The expression of biomarkers was verified using quantitative real-time polymerase chain reaction (qRT-PCR). We collected blood samples from 5 uremic patients and 5 healthy subjects for validation at the Guangxi International Zhuang Medical Hospital in February 2023. The 5 uremic patients met the following four conditions: (1) Age 18–90 years old, male or female; (2) Meet the diagnostic criteria for chronic kidney disease, with creatinine clearance <10mL/min; (3) Have been on haemodialysis for more than 3 months and are dialysed 3 times a week for 4 hours each time; (4) No serious cognitive impairment, voluntarily participate in this study, and sign the informed consent form and pass the medical ethical review. This study was approved by the ethical committee of Guangxi International Zhuang Medical Hospital (2023–007-01) and also complies with the Declaration of Helsinki. Informed consent was obtained from all subjects. The blood samples were processed to isolate peripheral blood mononuclear cells (PBMCs) using Ficoll solution. Total RNA was isolated from PBMCs using the TRIzol method. The isolated RNA was reverse-transcribed into complementary DNA (cDNA) using SureScript-First-strand-cDNA-synthesis-kit (Servicebio, China). qRT-PCR analysis was performed with Universal Blue SYBR Green qPCR Master Mix. The PCR conditions were as follows: 95 °C for 60s (initial denaturation), followed by 40 cycles of 95 °C for 20s (denaturation) and 55 °C for 20s (annealing). GAPDH was used as the housekeeping gene. The primer sequences are shown in Table 1. The relative expression levels of target genes were quantified using the 2−ΔΔCT method. The expression levels of target genes were normalized to those of GAPDH.

Table 1 The Primer Sequences of Biomarkers

Statistical Analysis

All statistical analyses were performed using the R programming language. Differences were considered significant at p < 0.05 unless specified otherwise.

Results

Identification of DEIRGs Between Uremia and Control Samples

In the training set, 3464 DEGs (2059 downregulated genes and 1405 upregulated genes) were identified between the uremia and control groups (Figure 1A and B). All samples in the training set exhibited good clustering with no outliers (Figure 2A). The soft threshold power of 17 was selected to calculate adjacencies (Figure 2B). The brown module, which was the most relevant model to uremia, was selected as the key module and comprised 5354 key module genes (Figure 2C and D). The intersection of 3464 DEGs with 1793 IRGs and 5354 key module genes revealed 124 DEIRGs (Figure 2E).

Figure 1 Identification of differentially expressed genes (DEGs). (A) Heatmap of DEGs between the uremia and control groups. Red and blue indicate upregulation and downregulation, respectively. (B) Volcano map of DEGs between the uremia and control groups.

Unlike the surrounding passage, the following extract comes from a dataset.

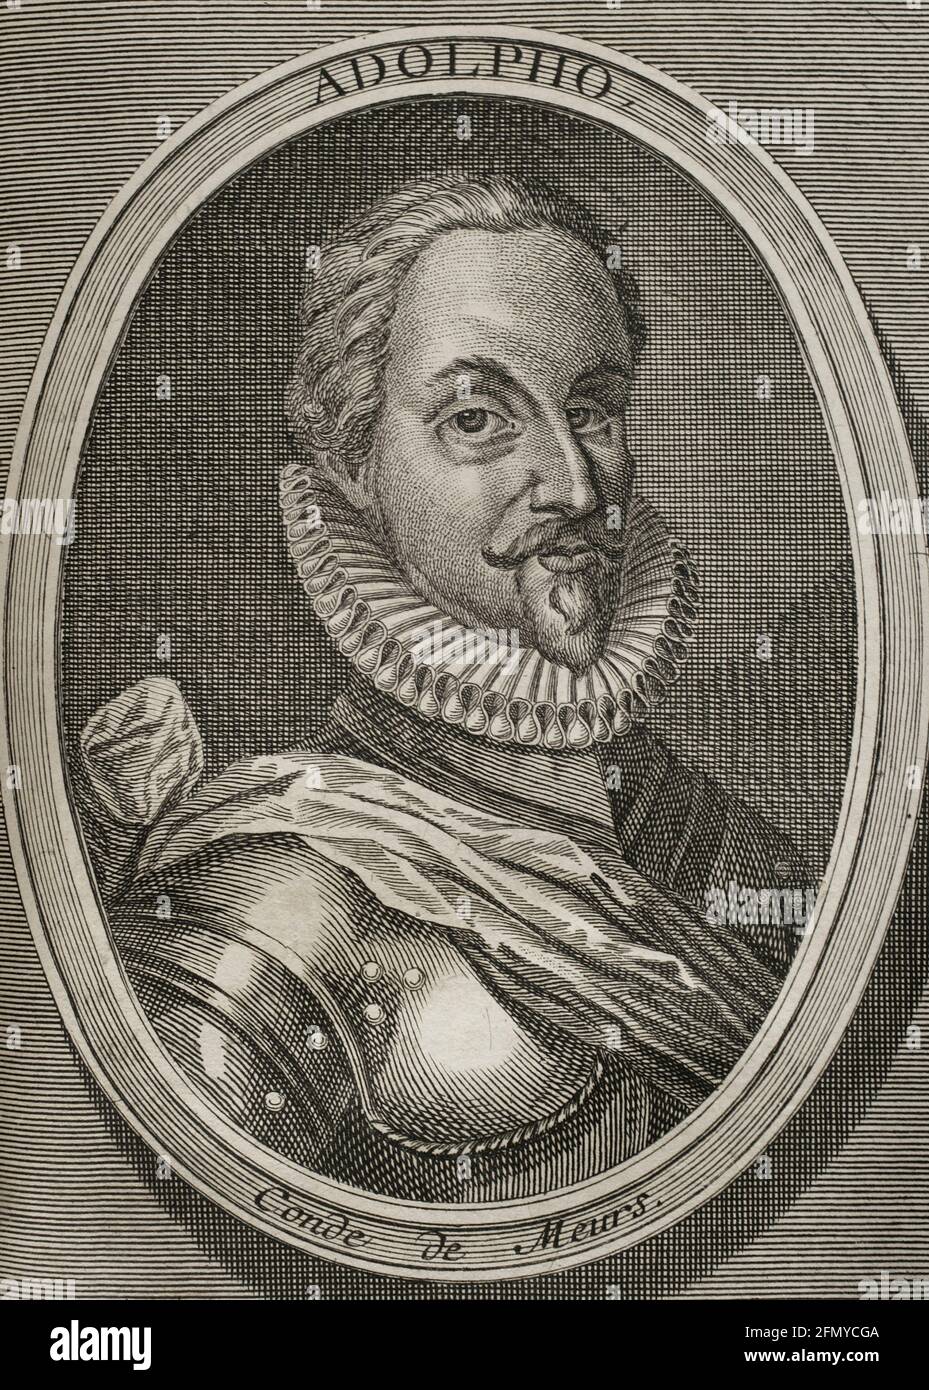 Adolf van Nieuwenaar (1545-1589). Count of Limburg and Moers. Stadtholder of Guelders, Utrecht and Overijssel for the States General of the Netherlands during the Eighty Years' War. Portrait. Engraving. Wars of Flanders. Edition published in Antwerp, 1748. Stock Photo

Figure 2 Weighted gene co-expression network analysis (WGCNA). (A) Sample cluster dendrogram of 20 control samples and 63 uremia samples based on their expression profile. (B) Analysis of mean connectivity of each β value from 1 to 20. β = 17 was chosen for subsequent analyses as it has the biggest mean connectivity when the scale-free fit index is up to 0.85. (C) Heatmap of the module-trait correlation. The brown module exhibited the highest correlation with uremia. (D) Scatter plot of correlation between genes and traits in the MEbrown module. (E) Venn diagram representation of the intersection of differentially expressed genes (DEGs), immune-related genes from the ImmPort database, and the brown module. In total, 124 core DEGs were identified.

DEIRGs Were Enriched in Immune Response Regulation

Gene Ontology (GO) analysis revealed that DEIRGs were enriched in T cell proliferation, leukocyte proliferation, leukocyte-mediated immunity, receptor-ligand activity, and regulation of cell development (Figure 3A). Kyoto Encyclopedia of Genes and Genomes (KEGG) analysis revealed that DEIRGs were enriched in neuroactive ligand-receptor interaction, T cell receptor (TCR) signaling pathway, neutrophil extracellular trap formation, and PI3K-Akt signaling pathway (Figure 3B).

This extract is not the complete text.